Task details: A word-for-word copy of the data is what's wanted, with no pictures.

Supplied information:
Start of Block

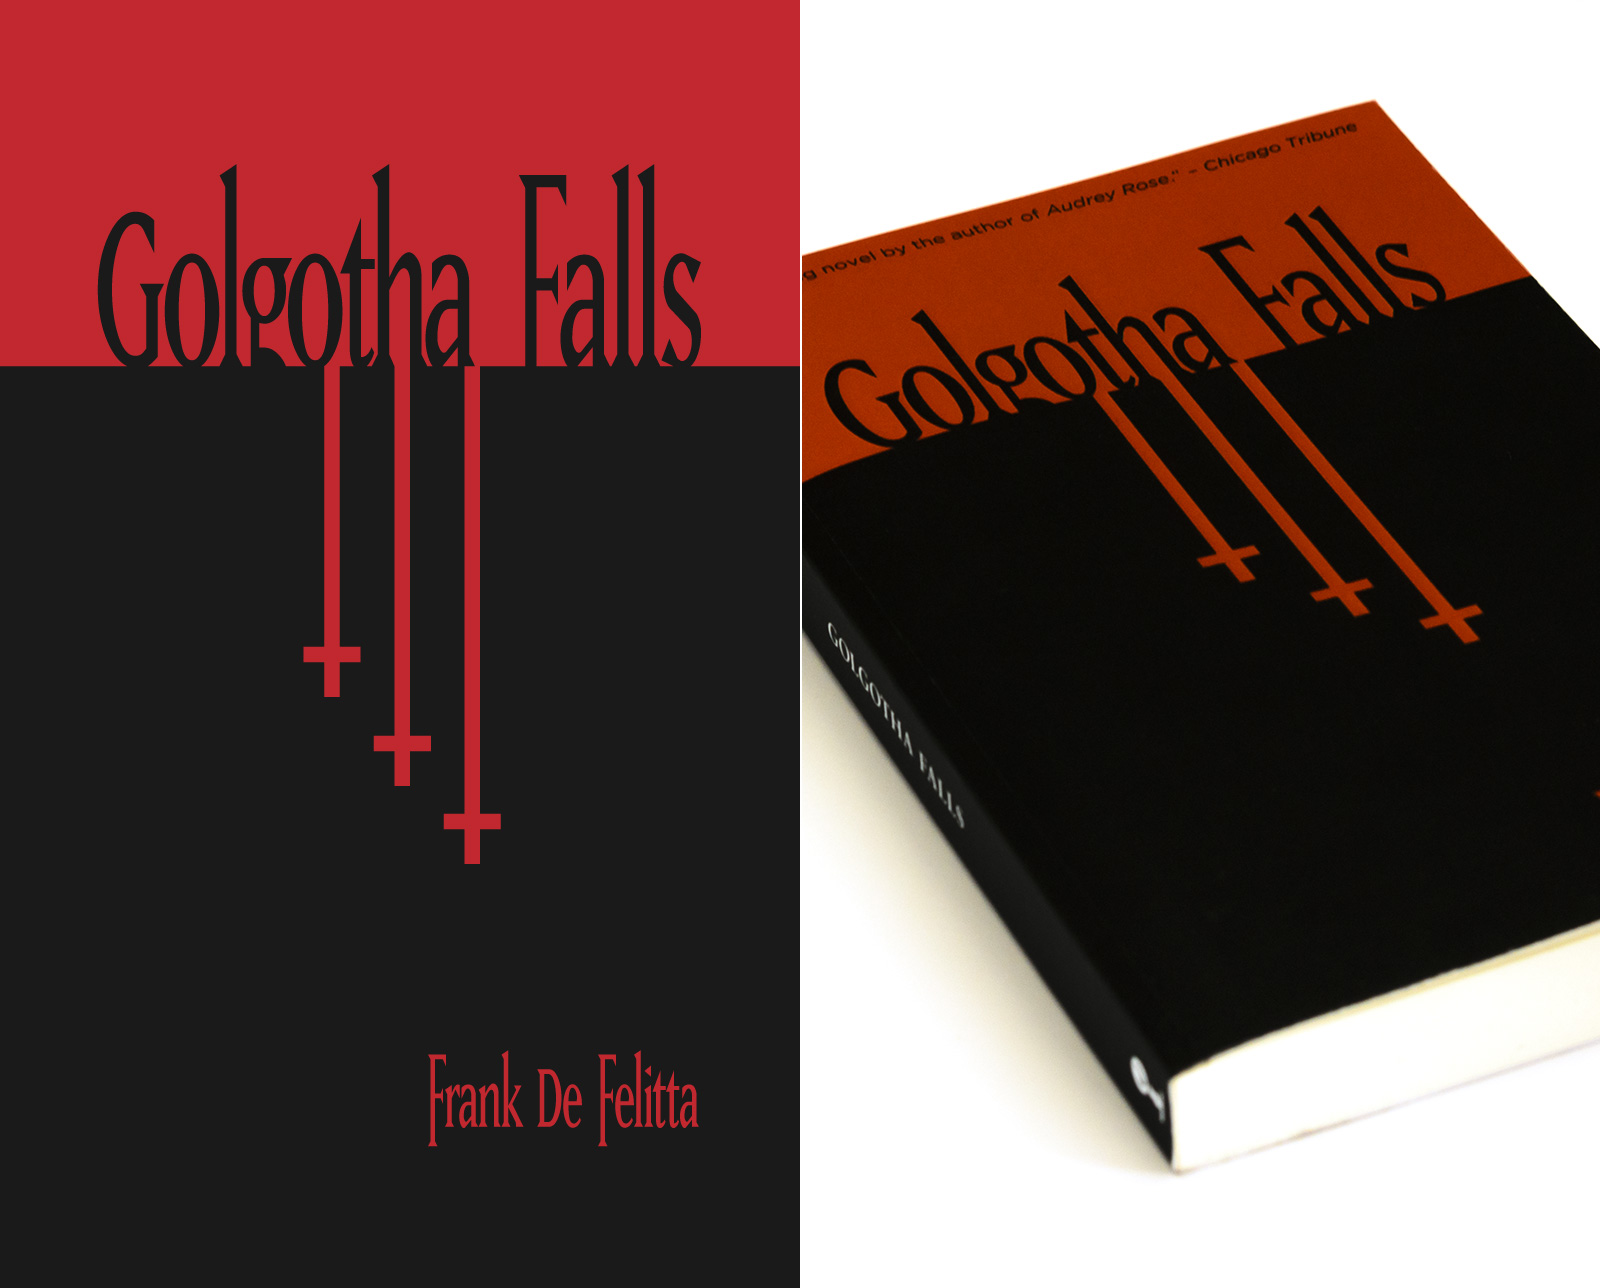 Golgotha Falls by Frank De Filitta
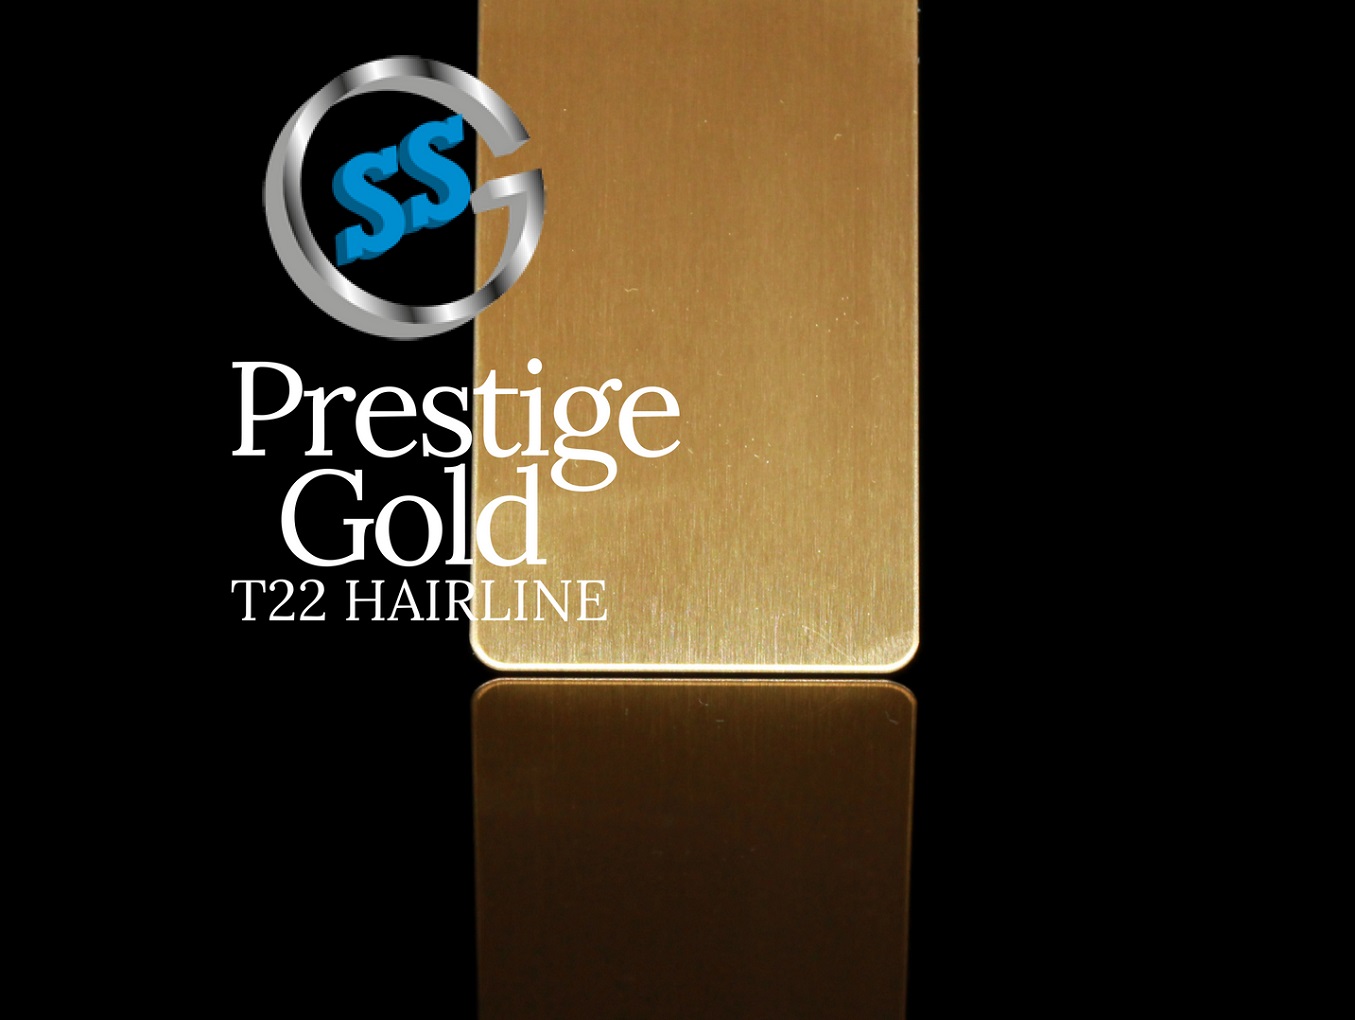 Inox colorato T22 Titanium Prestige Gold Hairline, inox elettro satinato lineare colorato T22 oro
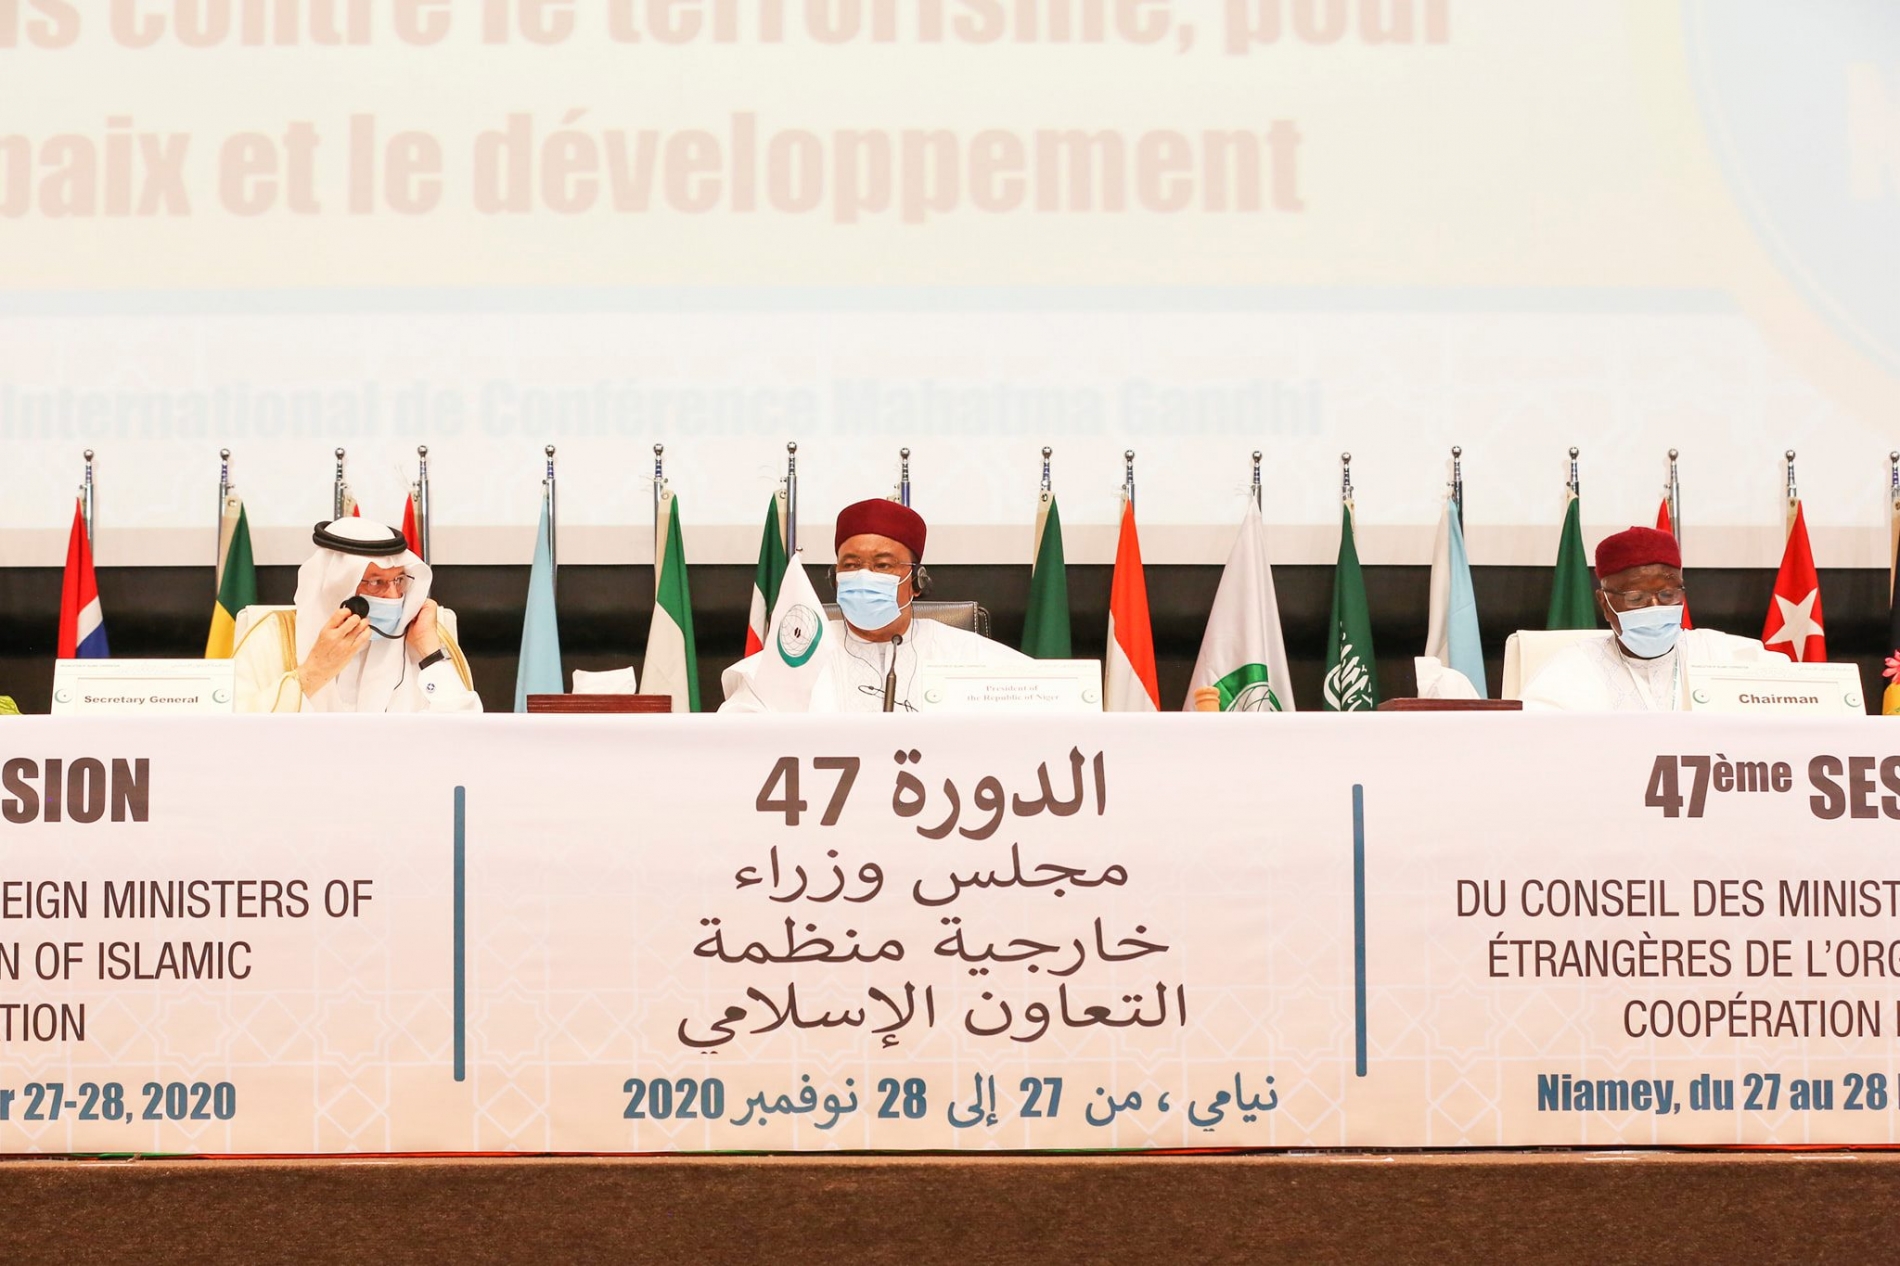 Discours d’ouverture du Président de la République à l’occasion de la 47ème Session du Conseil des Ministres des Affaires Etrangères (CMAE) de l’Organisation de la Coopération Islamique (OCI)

End of Block

Worked solution:
 Golgotha Falls by Frank De Filitta
 Inox colorato T22 Titanium Prestige Gold Hairline, inox elettro satinato lineare colorato T22 oro
 Discours d’ouverture du Président de la République à l’occasion de la 47ème Session du Conseil des Ministres des Affaires Etrangères (CMAE) de l’Organisation de la Coopération Islamique (OCI)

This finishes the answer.